Projets novateurs réalisés

Bosonic Theory via Nonstandard Harmonic Analysis

The project is part of the PhD research conducted by Madeline Berezowski. It is also part of a multifaceted research program developed collaboratively by Dr. Sowa and Dr. Fransson. It revolves around the idea of developing custom mathematical methods in support of frontier quantum physics research. Our specific target is an analysis of systems of bosons and the anisotropic spin chains, and their quantum phase transitions. Our theoretical insights will support experimental inquiry into the fundamental properties of quantum matter. They will also furnish new paths toward the deployment of quantum-resource-enhanced technologies.

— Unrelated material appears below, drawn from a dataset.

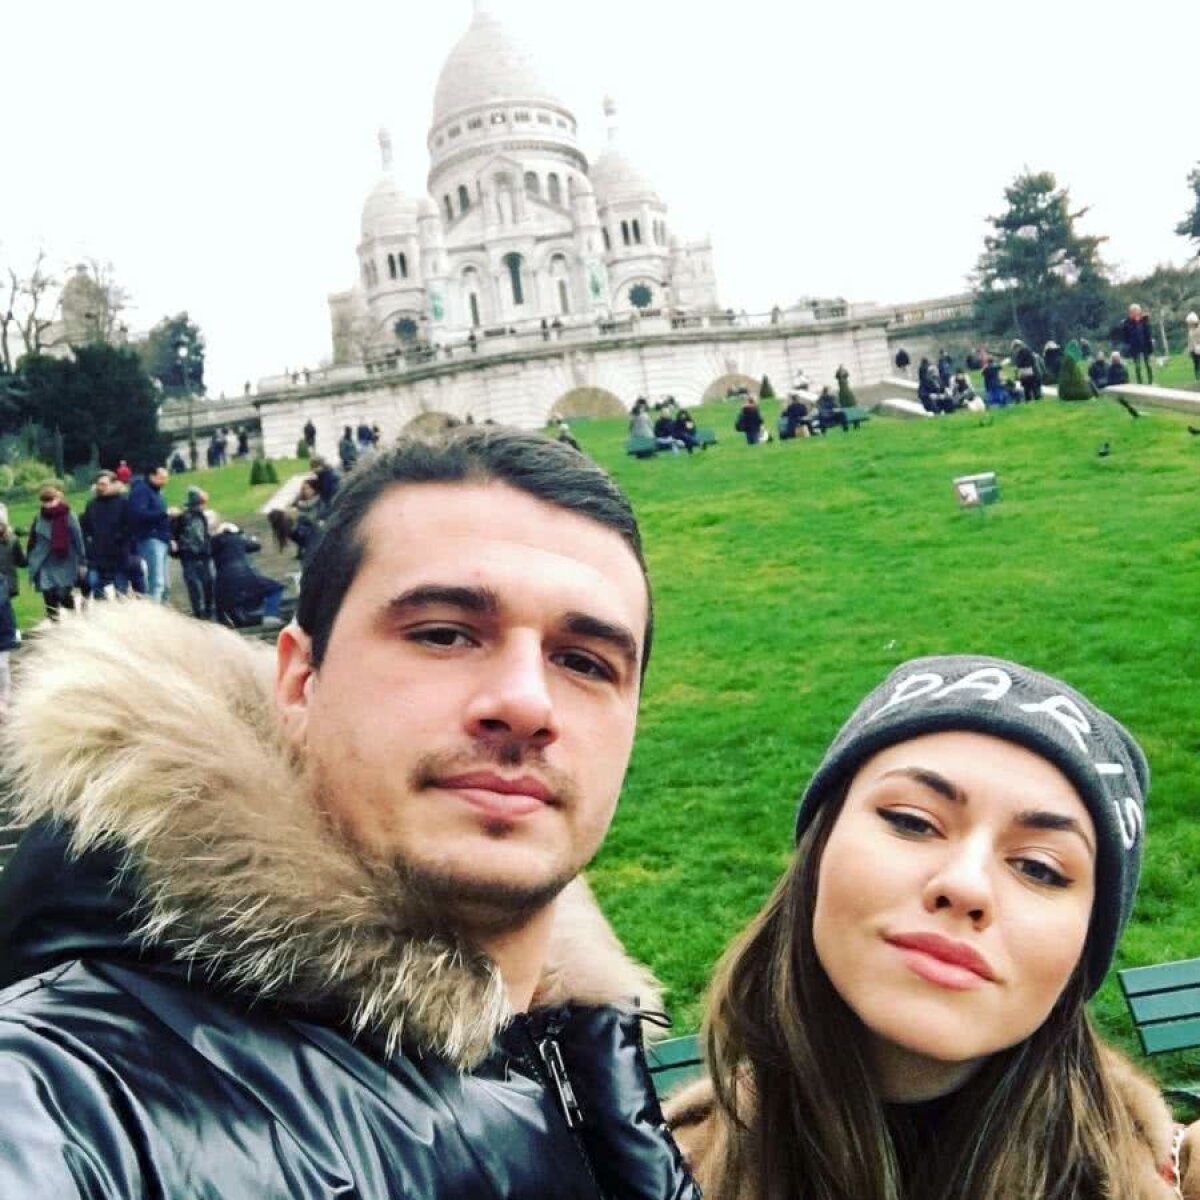 INSTASPORT // Plimbărețul Liviu Ganea » Imagini spectaculoase din vacanțe, alături de iubita lui

Integration of multi-omics data for predictive modelling of drug efficacy in cerebral organoids

To date, using only electrophysiological data, Epiloid has achieved a classification accuracy in the low-90% in classifying drugs on their predicted ability to modulate hyperexcitability (as seen in epilepsy). This project seeks to enhance this accuracy by incorporating multi-omic datasets into Epiloid’s machine learning pipeline, which stands to dramatically assist in collecting a holistic picture of how new therapeutics affect neural circuitry of brain organoids. This provides a useful translational tool towards personalized medicine.
Epiloid Biotechnology is pioneering the integration of human-derived 3D cerebral organoids with machine learning (ML) to enhance preclinical drug discovery for neurological diseases. This project aims to bridge the gap between complex transcriptomic readouts and ML-driven drug efficacy predictions, leveraging human-relevant in vitro models. In collaboration with the Stem Cell Network, this project will support the ongoing R&D efforts funded through Epiloid’s Ontario Genomics BioCreate grant, which focuses on
integrating multi-omics data into predictive models for neurological drug development. The project includes the development of human iPSC cultures, cerebral organoid generation, and optimization of of SOPs for transcriptomic data preprocessing for ML model integration, and validation of these models using publicly available datasets.
The project will deliver several critical outcomes, including optimized SOPs for transcriptomic data generation, high-quality organoid datasets, and enhanced ML models that integrate electrophysiological and transcriptomic data. These advancements will position Epiloid as a leader in human-relevant preclinical testing, directly supporting its long-term goal of becoming a key partner in precision drug discovery.Furthermore, this partnership aligns closely with SCN’s national mandate to accelerate the development of
regenerative medicine and cellular therapies through collaborative research.
Anticipated benefits include the improved prediction of drug efficacy and safety, reducing costly late-stage failures; accelerated drug discovery timelines through better preclinical models; and enhancing Epiloid’s competitive advantage through proprietary organoid and machine learning data pipelines.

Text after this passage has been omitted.